Anishinaabe lawyer stresses importance of allies on the path to truth and reconciliation
Trigger warning: readers may be triggered by the recount of Indian Residential Schools. To access a 24-hour National Crisis Line, call: 1-866-925-4419. Community Assistance Program (CAP) can be accessed for citizens of the Anishinabek Nation: 1-800-663-1142
By Rick Garrick
THUNDER BAY — Biigtigong Nishnaabeg lawyer Nicole Richmond stressed the continuing impacts of Indian Residential Schools during her Understanding the Role for Allies in Reconciliation virtual Lakehead University presentation on Sept. 20.
“When we discovered the [potential] unmarked graves [last year], that was extremely traumatic and I think that sort of shook our nation,” Richmond says. “I remember not really quite knowing what to do with myself because hearing about the [potential] unmarked graves brought up my own trauma, hearing about all these terrible things that had happened to these students and the way they had died. One grave at a school is too much, in my opinion, and we’re finding thousands of [potential] unmarked graves.”
Richmond adds that Thunder Bay is home to the River of Tears, where the bodies of some of the seven First Nations high school students from remote fly-in First Nations whose deaths were examined during the Seven Youth Inquest were discovered.
“I feel sad about the fact that this is the structural reality that has been created by policies and procedures and assimilation and colonialism,” Richmond says, noting that the students died while pursuing their high school studies in Thunder Bay. “And the fact that Anishinaabe people are still here is miraculous, it is not a sad story, it is a story of survivorship, the fact that we are still here is amazing, it’s a story of resiliency.”
Richmond says there cannot be reconciliation without truth.
“When we’re healing, we have to feel the emotions, it’s not just this intellectual exercise where we go: ‘Oh yeah, kids were taken, terrible things happened, oh yeah at St. Anne’s [Residential School] they were using an electric chair, that’s really sad,’” Richmond says. “If we’re going to integrate this into our consciousness, we have to feel it, we have to feel sorrow, we have to sit with this sadness and sometimes that’s really challenging — the trauma is not historic.”
Richmond says the first step for an ally is to recognize they are privileged.
“The second step is you choose to stand for marginalized communities,” Richmond says. “The idea is you take tangible ongoing action to dismantle systems of oppression.”
Richmond says her yoga teacher is an ally, noting that she had to take a critical look at her own privilege, her own benefits and the things she grew up taking for granted in order to get to her position of allyship.
“We do need allies, Indigenous people are a population minority, we need allies because we need everyone to understand the history of the settlement of Canada and the way the structures have been set up,” Richmond says. “We know the colonial legacy’s impacts are ongoing, they’re traumatic, they’re with us today and we’re still trying to figure out how to deal with these legacies and to figure out what the impacts are.

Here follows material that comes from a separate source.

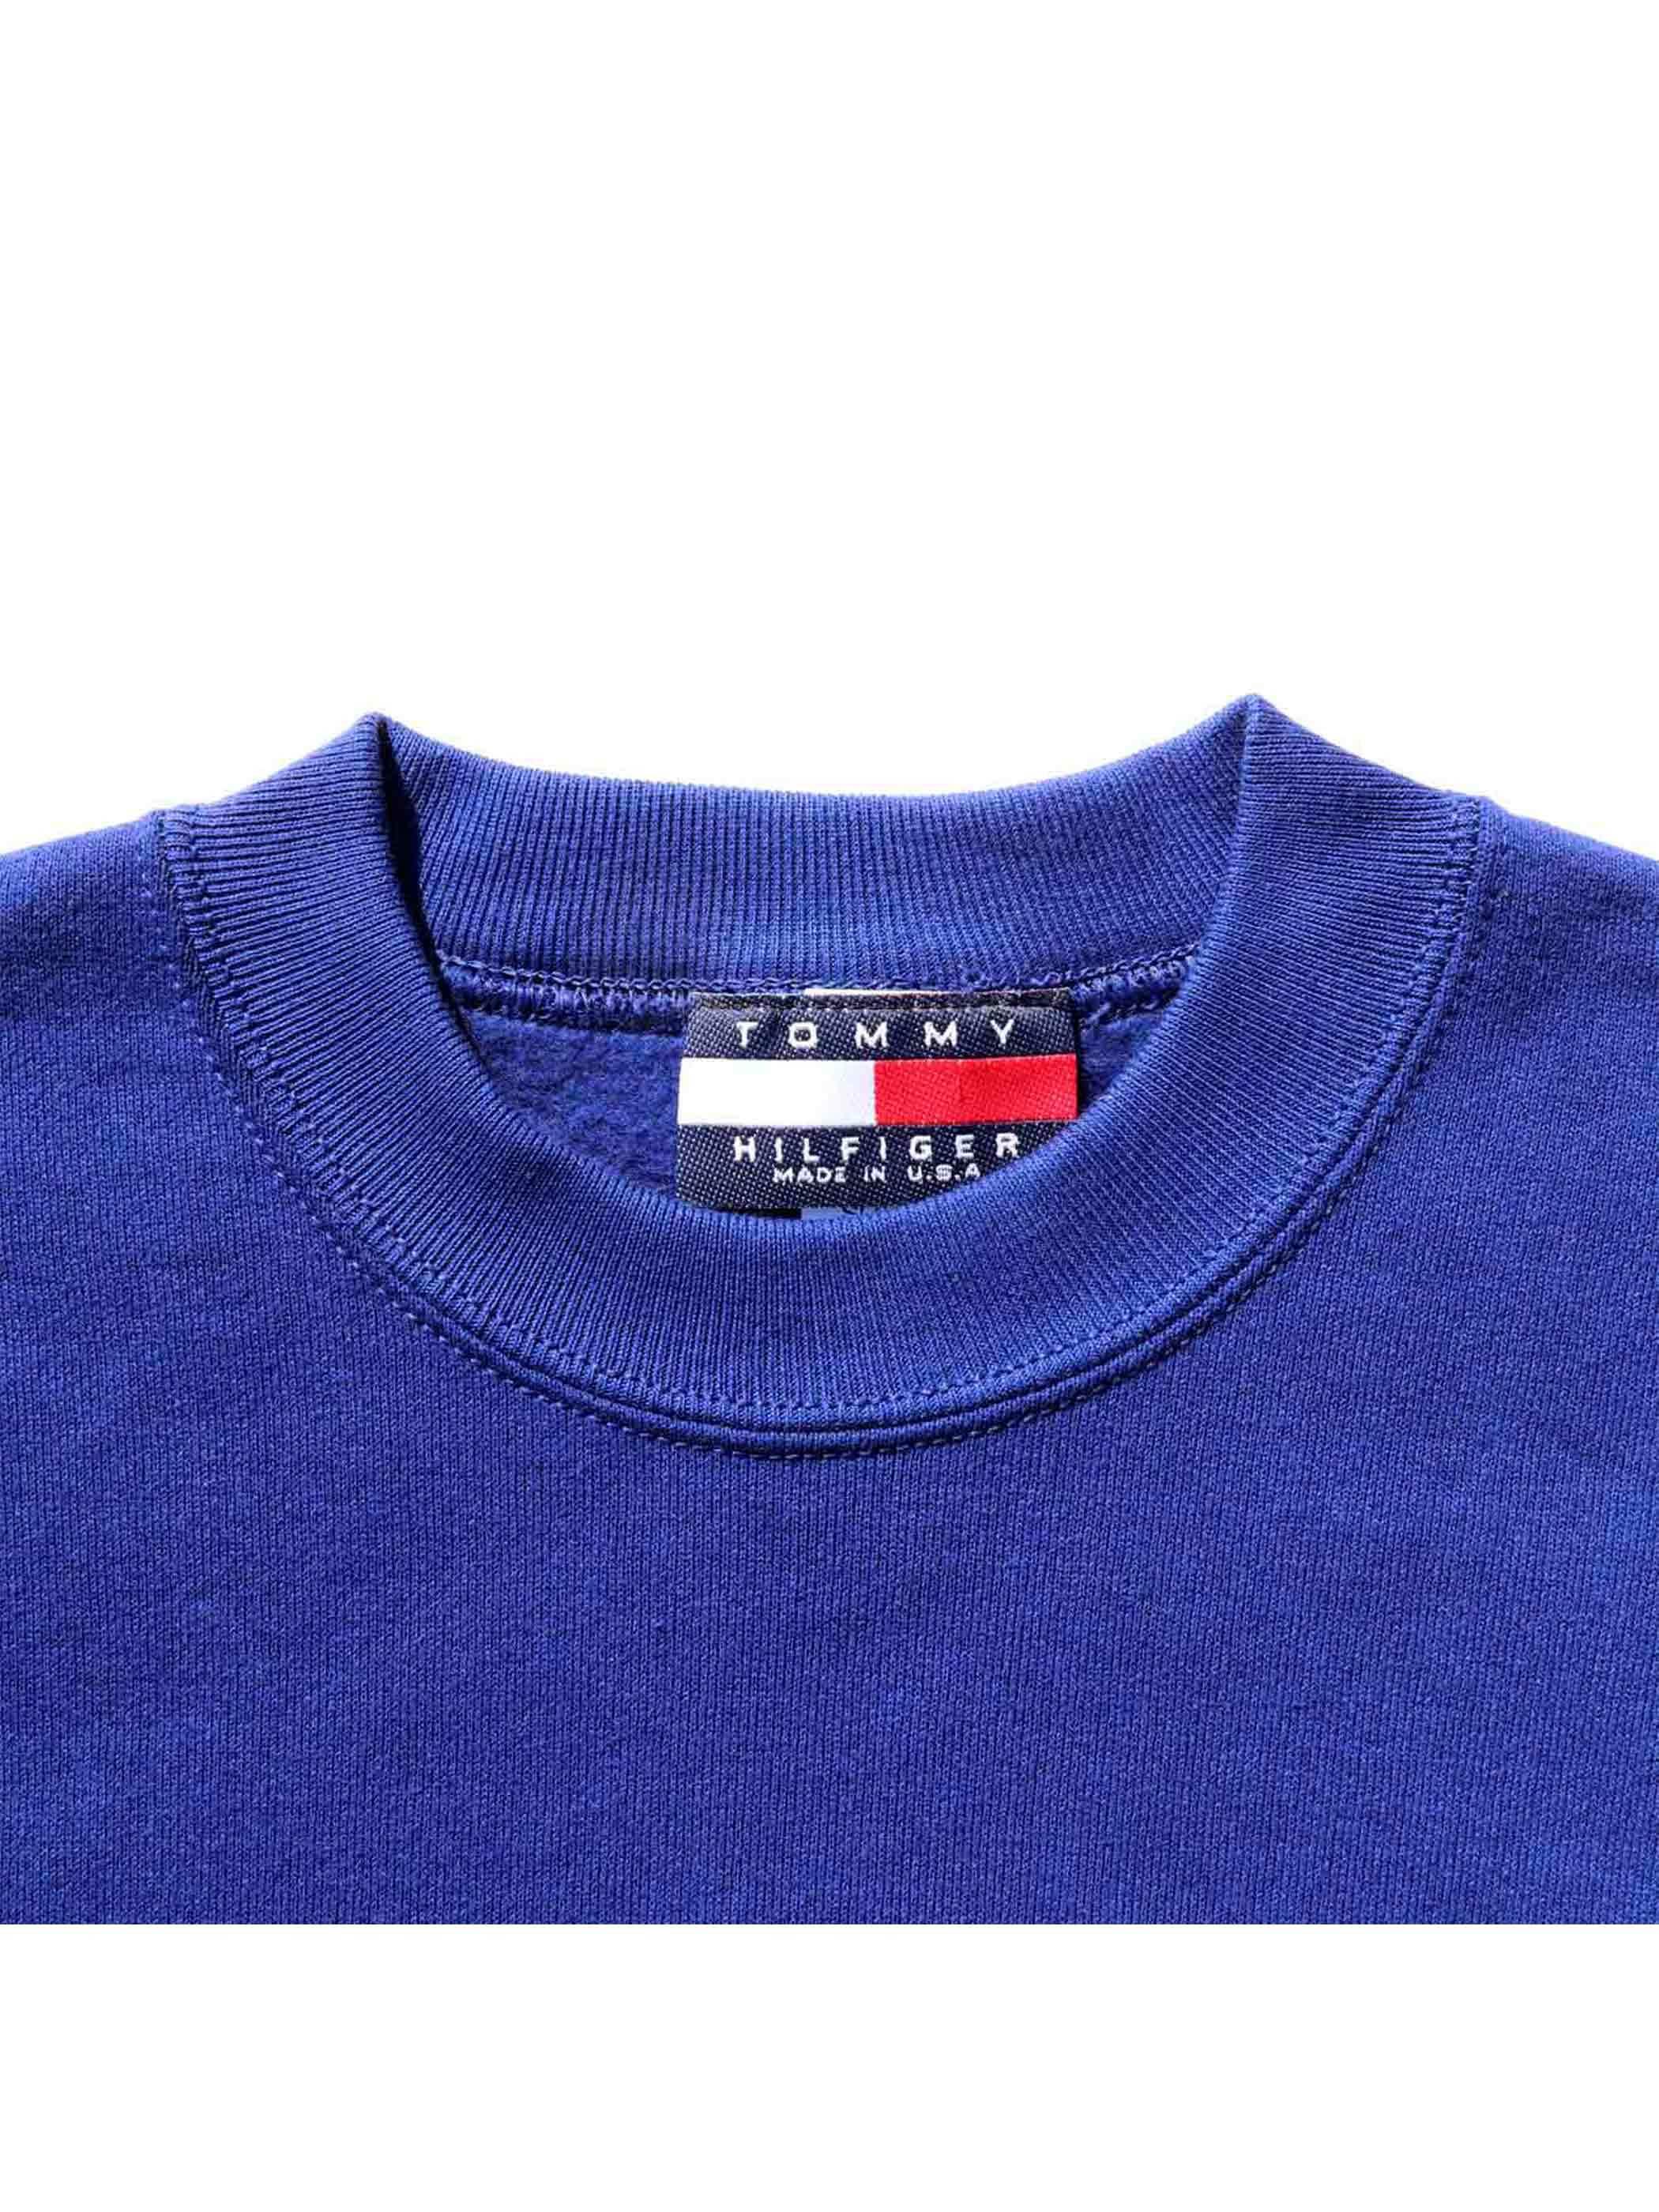 90's ブート TOMMY HILFIGER USA製 刺繍ロゴ スウェット [デッドストック] [L]

I’m really concerned about healing and what does healing look like.”
Richmond encourages allies to learn the facts.
“You’re not responsible for the cultural stuff, let us take care of that,” Richmond says. “But you can learn the history and you can teach the history. If you need resource material, anytime I see Murray Sinclair on YouTube I learn so much, he’s a great resource person.”
Richmond says the role for allies is to understand their privilege, to tell the truth, to tell their friends who also have privilege what that privilege looks like and to help people understand.
“When we’re sort of raising our collective consciousness or our awareness, that’s how things really start to change,” Richmond says.